All lines below starting at the one that holds "http://www.peshtour.ru/images/NSK54/muzeiZHd1.jpg" and ending at the one that holds "baloo s non" should be printed exactly, ends included. Pictures should not be printed, nor anything else.

DATASET:
================
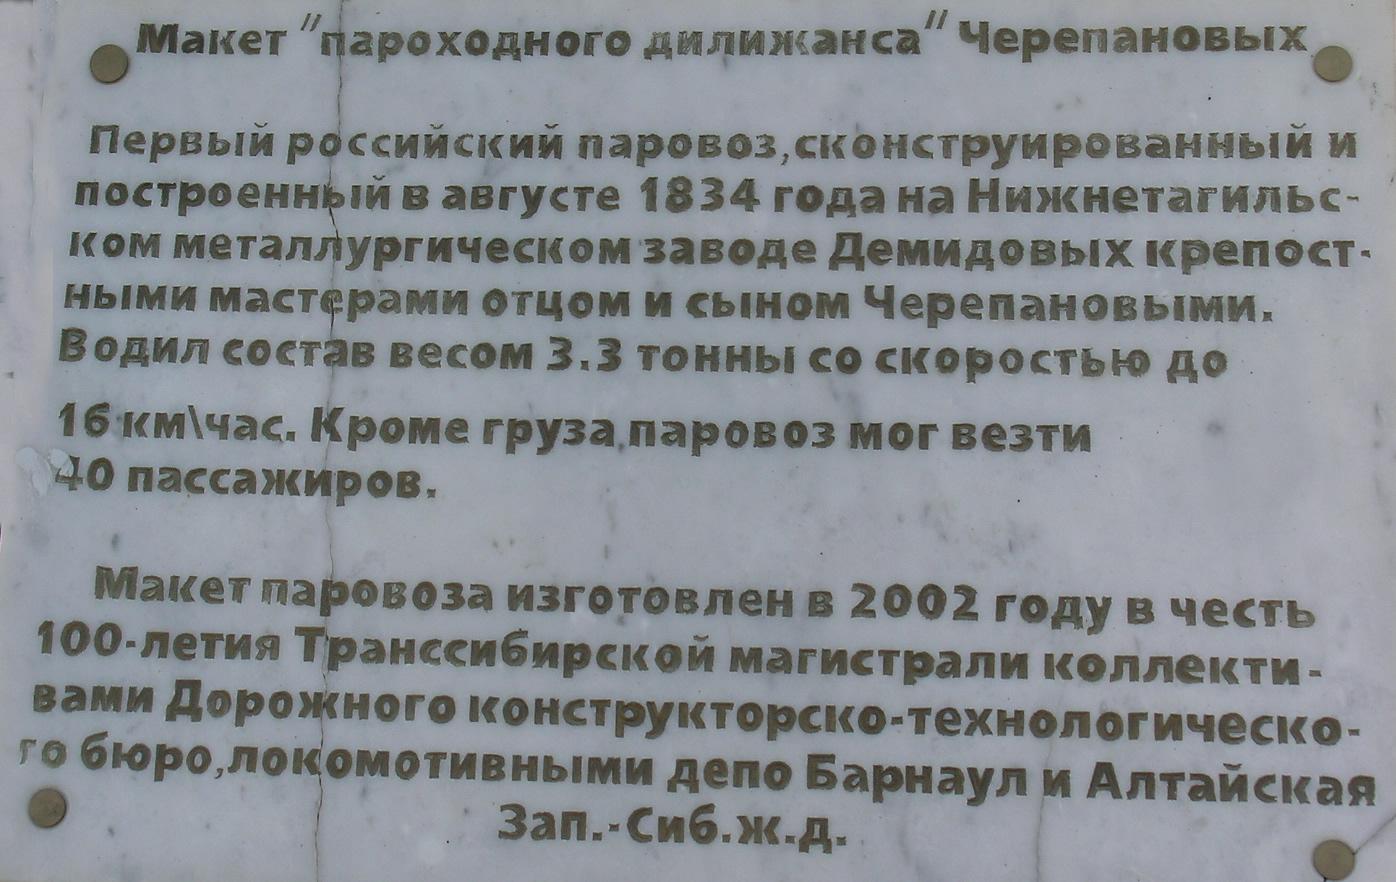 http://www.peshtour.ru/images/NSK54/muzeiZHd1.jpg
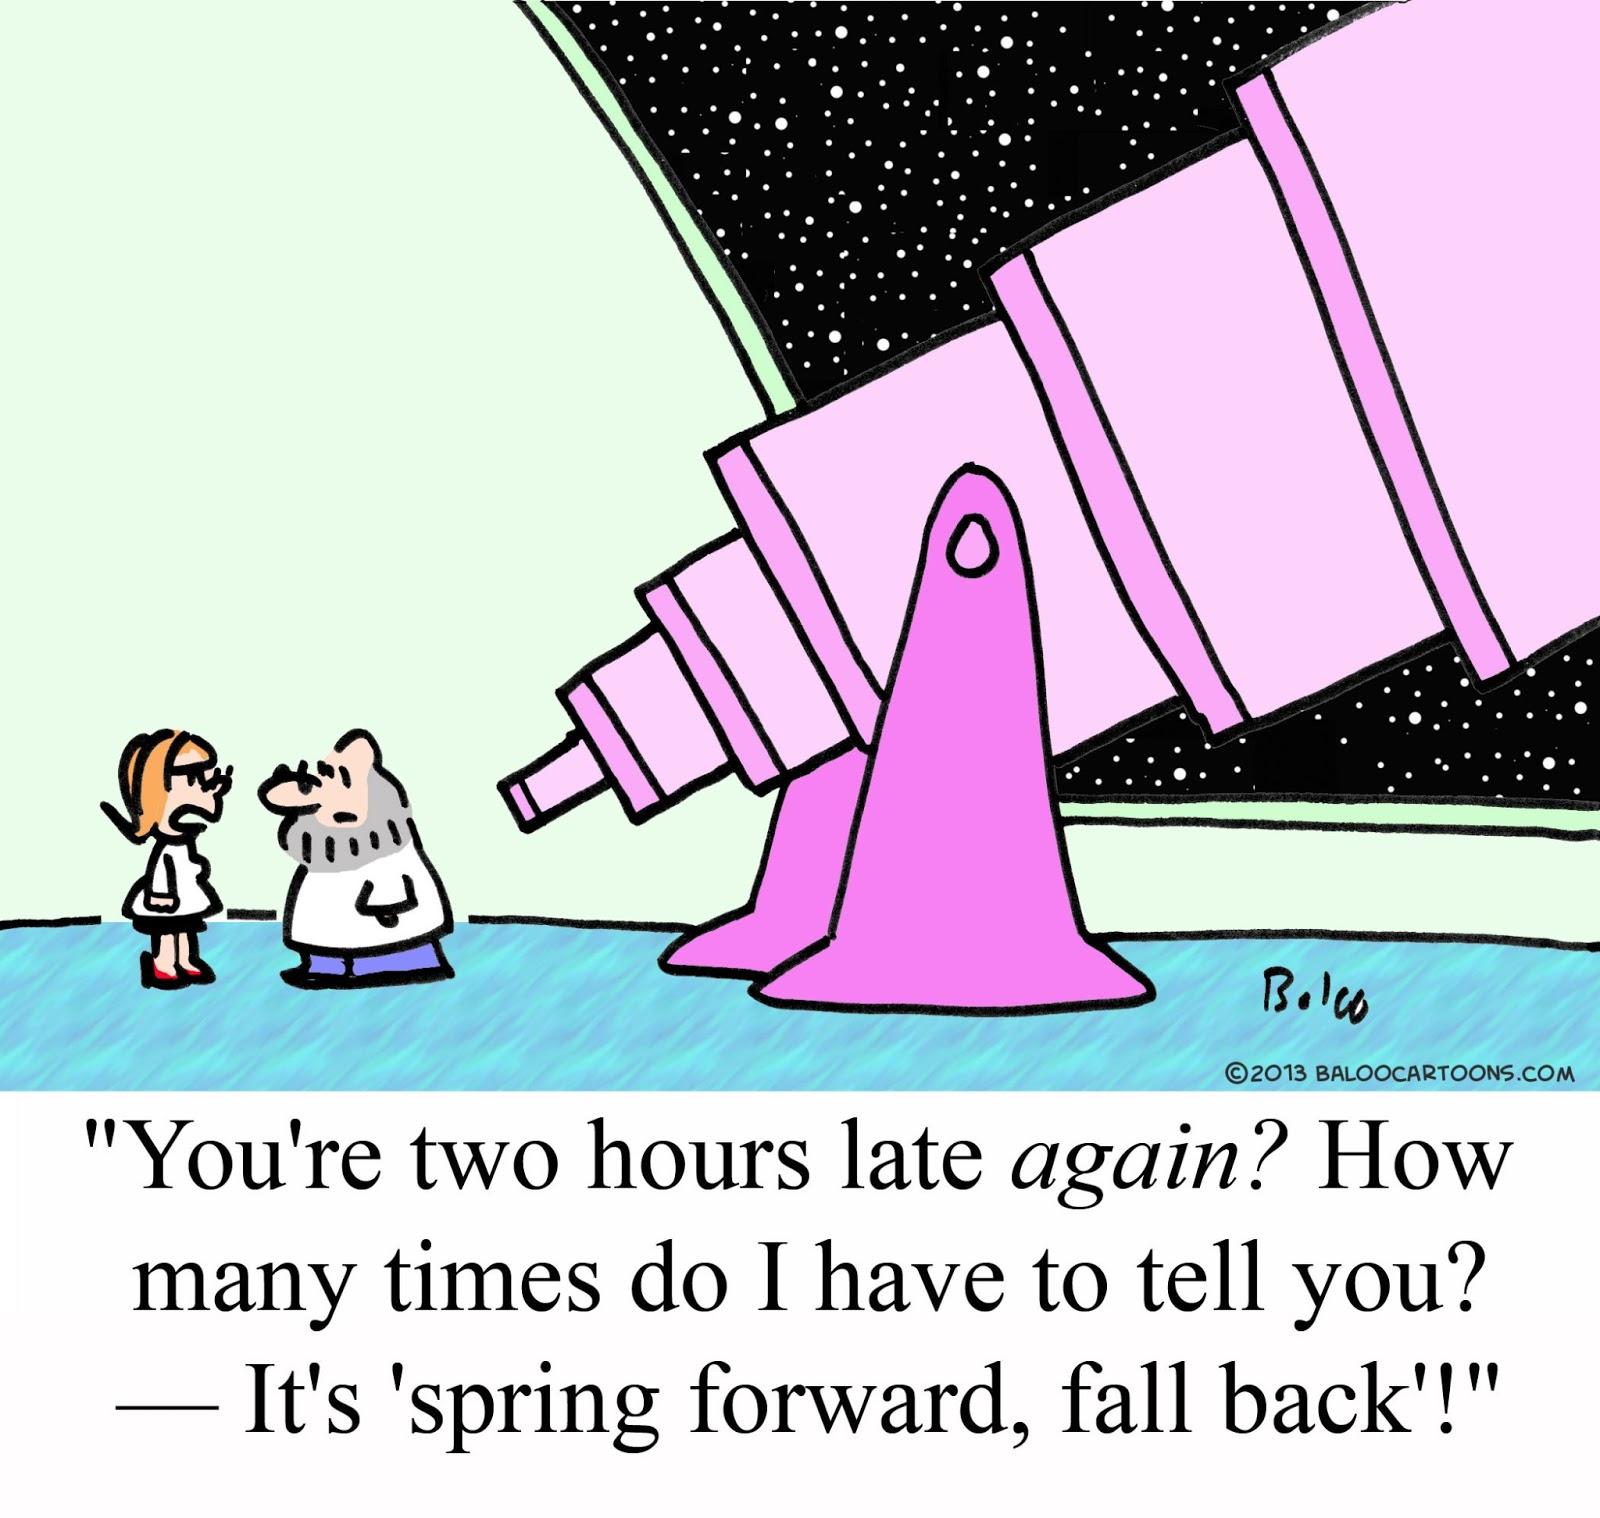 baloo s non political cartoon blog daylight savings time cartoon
================
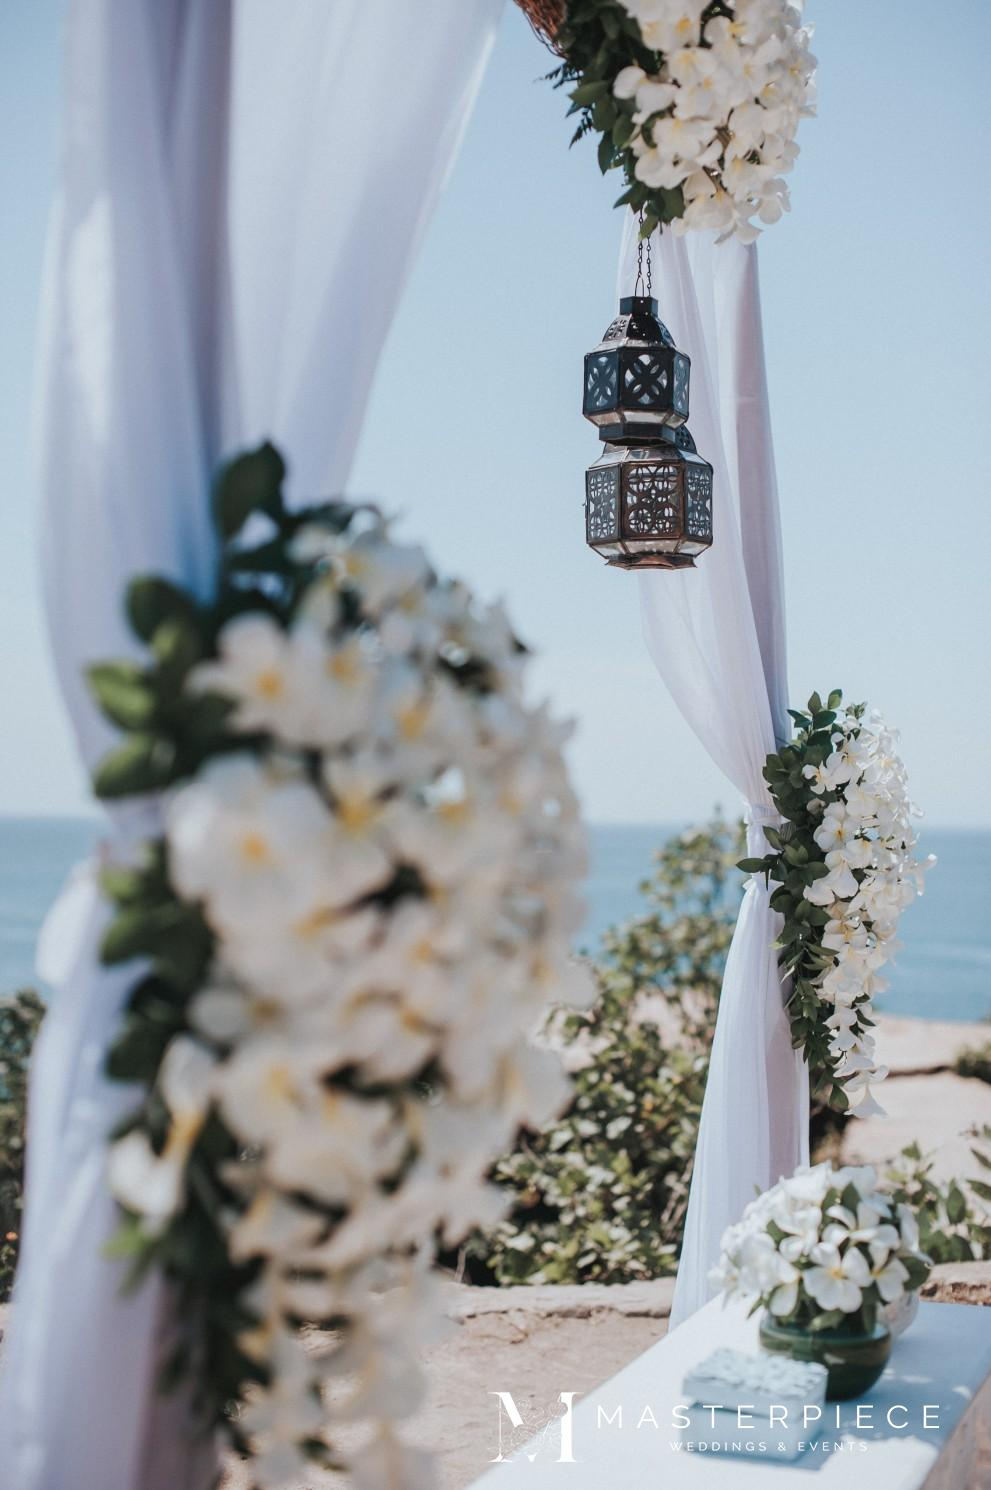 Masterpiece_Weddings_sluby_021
================
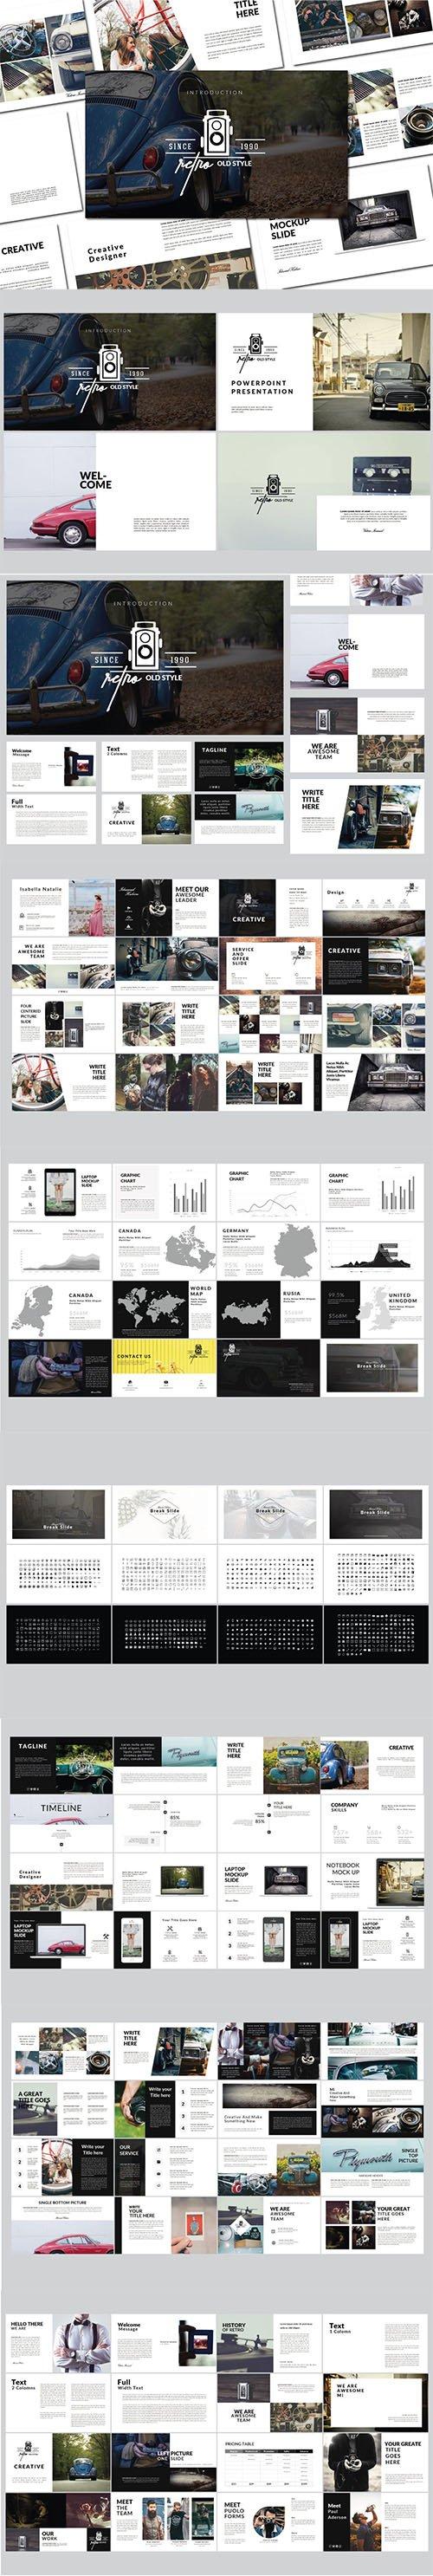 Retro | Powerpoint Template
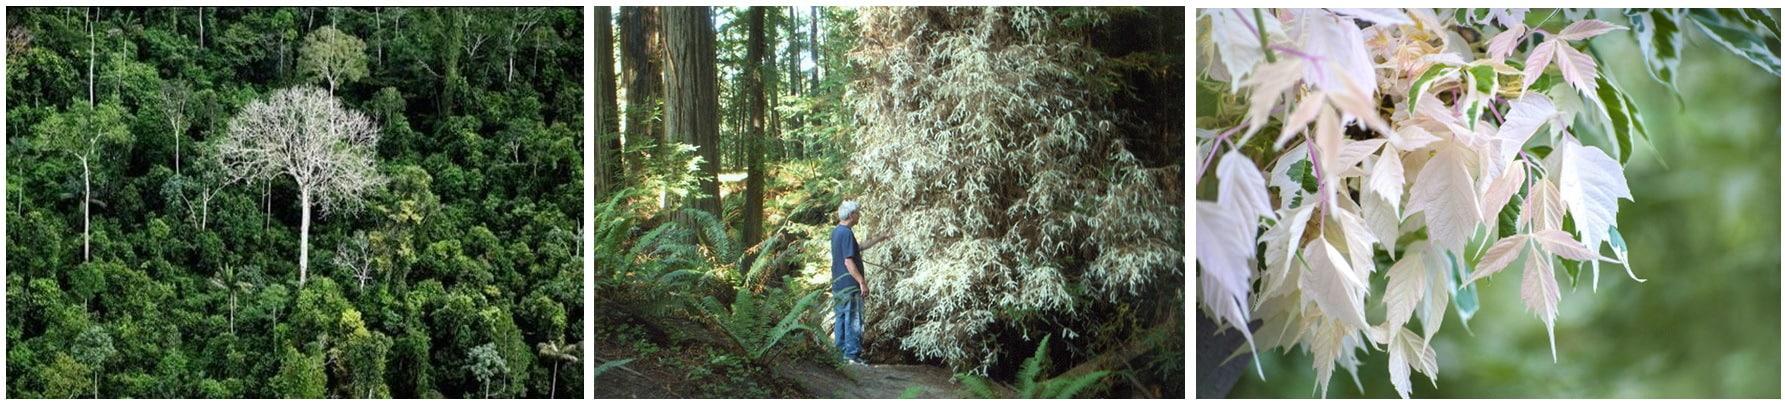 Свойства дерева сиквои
================
WRITTEN RESPONSE:
 http://www.peshtour.ru/images/NSK54/muzeiZHd1.jpg
 baloo s non political cartoon blog daylight savings time cartoon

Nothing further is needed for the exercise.